PES 2027 Annual COnference

March 4-8. Sheraton Downtown, Fort Worth, TX, USA

    CALL FOR PROPOSALS

    The submission link will be available here on August 1, 2026. We invite papers and session proposals for all topics in philosophy of education. To encourage focused conversations, we also invite contributors to consider this year’s theme: Courage.

    Courage

    Courage has a long philosophical history. From Plato's Laches to Aristotle's Nicomachean Ethics to Hannah Arendt’s Between Past and Future to Tillich's The Courage to Be to Foucault's late lectures on parrhesia, the theme of courage features prominently. It is not a word we use often in the philosophy of education. Yet the present moment demands it. Education is living through a polycrisis: severe budgetary contraction, intensifying political pressure on institutions and curricula; the onslaught of media-driven diatribes eclipsing classroom discourse; xenophobia and outspoken bigotry; perceived disruption of teaching and learning by AI. Each of these is serious on its own. Together, they may require a recalibration of our intellectual responses, a willingness to take on more fundamental questions, perhaps different, larger, more troublesome questions than the ones we have long been asking. Such recalibration is itself a form of courage.

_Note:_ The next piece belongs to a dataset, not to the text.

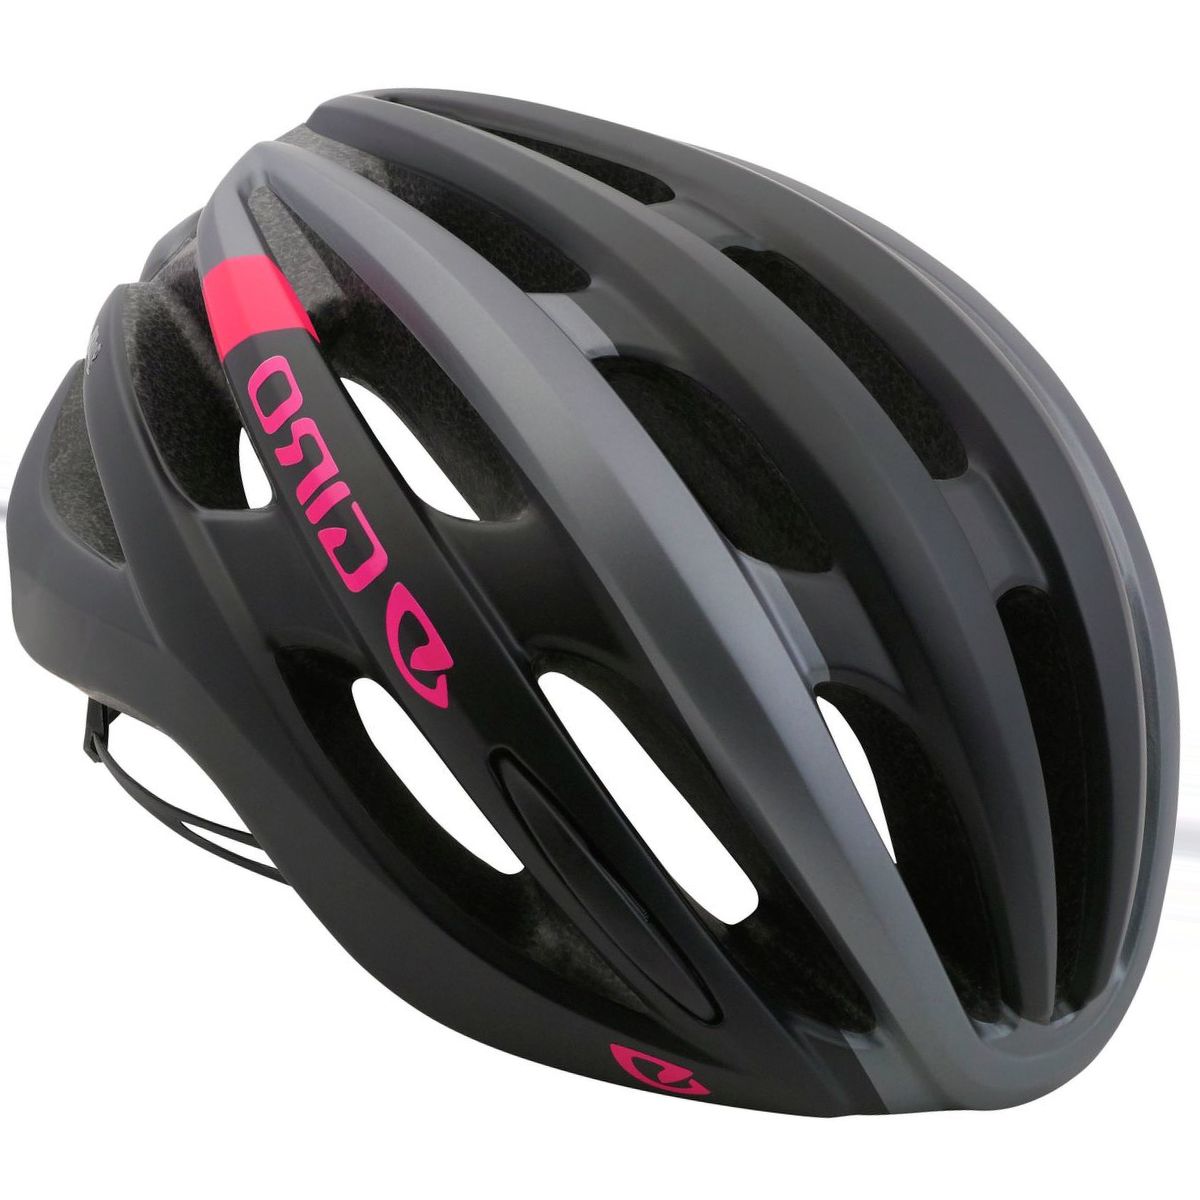 Giro Saga Helmet - Women's

    We leave the concept open for interpretation. Courage can be moral, political, epistemic, existential, pedagogical. It may name the gap between knowing what is right and doing it. It may describe what is required to speak plainly in a climate of institutional caution, or to rethink foundational assumptions when the ground shifts under those assumptions. We invite submissions that explore any dimension of courage in educational contexts, and we ask our contributors to practice what they theorize. Risk an ambitious argument. We ask for courage.

    Details

    Deadline for all submissions: November 1, 2026. We welcome all topics, and areas of inquiry, for papers or symposia (aka ‘alternative’) sessions, whether they engage the theme or not. Submission possibilities include the following formats:

    • Paper Submissions: PES invites the submission of papers with the maximum length of 4,500 words, excluding references. Endnotes are to be used for references only, not supplemental text. Papers must conform to the PES style guidelines (see the Style Guide). Authors should make certain that references to their name, institutional affiliation, or work (e.g., “As I have argued on previous occasions…”) do not identify them to readers, as all submissions are anonymously reviewed. General and concurrent session papers reviewed and accepted by the Program Committee, and invited responses to these papers, are published in Philosophy of Education, the Society’s quarterly journal. High-quality submissions that cannot be accommodated on the main program will be invited to participate as digital posters.
    • Symposia: Examples include sessions organized around a central topic or question, ‘author meets critics’ sessions, performances, interviews, or other artistic and creative sessions. Proposals may not exceed 1,000 words, excluding references, and should identify names of presenters only if essential to the nature of the session type (e.g., ‘author meets critics’ or interview sessions). When the proposed session involves multiple presenters, please specify the contribution of each presenter. Criteria for review include clarity of the motivating question or idea, potential for interaction with session attendees, and relevance and significance to the advancement of public-facing work in the field.
    • Public-Facing Projects: Monday of the conference program will feature public-facing educational philosophy research, projects, or learning sessions. These sessions concern the production or use of public-facing research or teaching in our field. Proposals may not exceed 1,000 words, excluding references, and should not identify names of authors or presenters, for blind review. Criteria for review include the clarity of the motivating question or idea related to potential interactions with session attendees, along with its relevance and significance to the advancement of public-facing work in the field.
    • Work-in-Progress Sessions: These sessions group scholars with work-in-progress in an informal collaborative setting. Proposals should detail the question or claim being investigated, relevant sources/resources, likely direction, and mode(s) of analysis. Criteria for review include clarity and significance of the question/claim, suitability of sources/resources, suitability of mode(s) of analysis, and potential for thinking anew about issues in the field of educational philosophy.